8) What if I lose my job?

Another important thing to consider is what happens if you lose your job. Will you have insurance to cover these costs? If not, how will you afford them? Do you have a backup plan for covering your medical costs? This can include staying on your parents’ health insurance until you’re 26 years old (many plans allow young adults to stay on their parents’ coverage), getting coverage through a domestic partner, or becoming an entrepreneur by starting a side business that offers employee benefits. Also make sure to look into government programs like Medicaid, which covers low-income people in some states. It’s also worth considering social impact bonds, which allow private companies to create programs with public money and then get paid based on whether they work or not.

9) Do I need prescription drug coverage?

Many prescription drugs are covered by health insurance, but there are a few types that aren’t. For example, most medical plans only cover drugs that fall under Medicare Part D’s coverage gap (the donut hole) if they’re used to treat specific conditions. The donut hole begins once you reach a certain threshold in spending; if you hit that point, your plan will cover some of your costs, but if you surpass it—especially in one year—you may have to pay all of your drug costs out-of-pocket. Make sure you know what prescription drugs are covered by your plan so you can decide whether or not it makes sense to buy a separate plan for prescriptions.

10) Don’t forget the dental plan.

Believe it or not, oral health is incredibly important. Just ask your dentist—many people don’t schedule regular checkups as they should. In fact, research shows that 40% of Americans haven’t seen a dentist in more than five years! That kind of neglect means you could be missing out on preventative dental care to keep your teeth and gums healthy. A quick trip to your dentist could reveal serious issues like cavities or gum disease, so if you’re guilty of neglecting your teeth, start by scheduling an appointment right away! Afterward, talk to your insurance provider about a dental plan; most major plans include one at no extra cost. If yours doesn’t, consider switching providers until you find one that does.

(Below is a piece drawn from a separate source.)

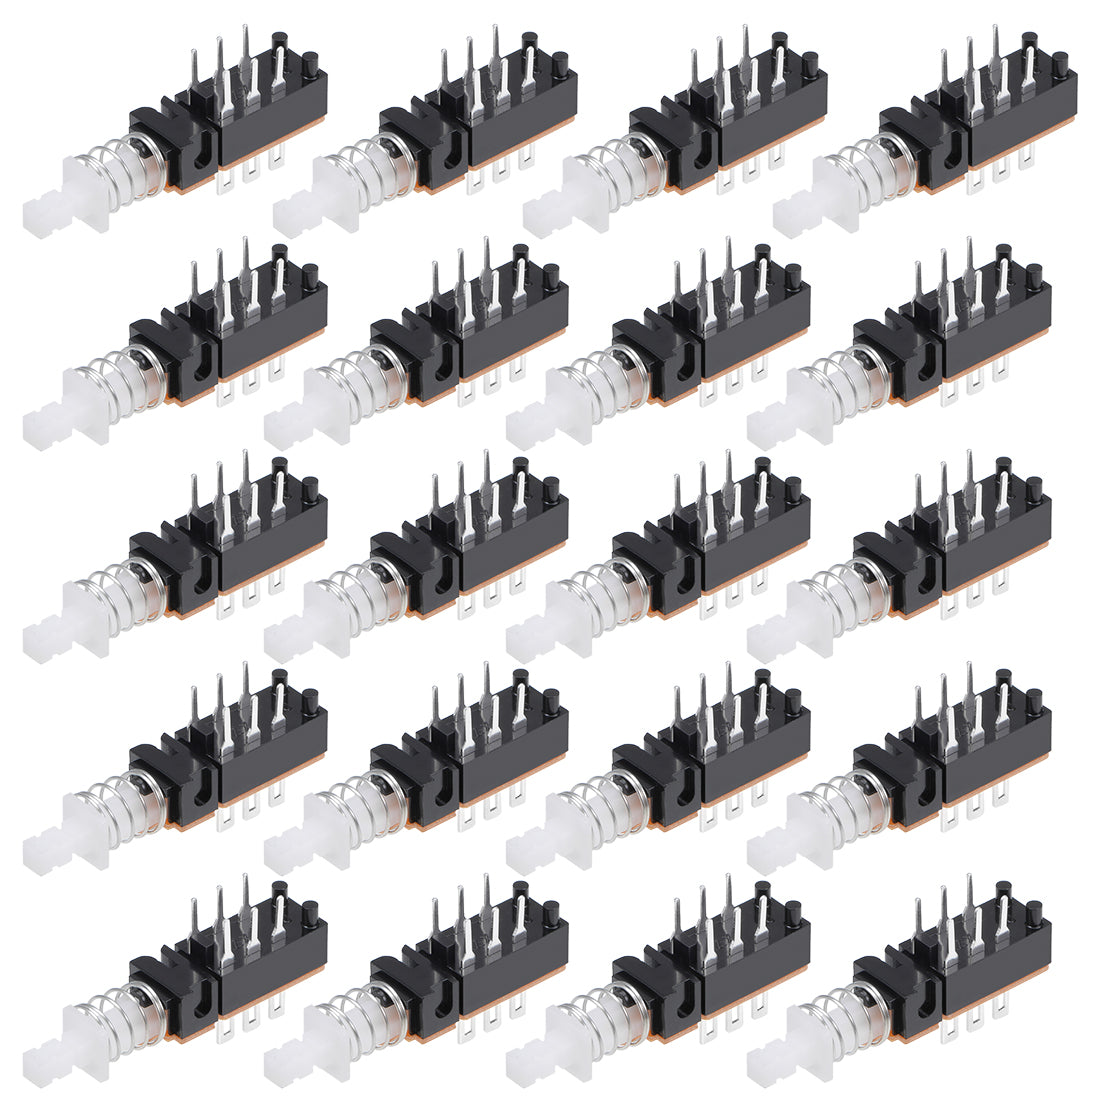 uxcell Uxcell Push Button Switch DPDT 6 Pin 1 Position Self-Locking Black 20pcs

Always check to make sure you have adequate coverage and keep track of how much it costs. Unfortunately, that includes learning about all sorts of terms, like coinsurance and deductibles. But it’s not nearly as complicated as your medical plan is set up to make it seem. Always stay on top of your health insurance benefits and know when to ask for help from experts. The best thing you can do for yourself is to learn all you can about what health insurance does (and doesn’t) cover so that you don’t waste time or money unnecessarily when dealing with a claim.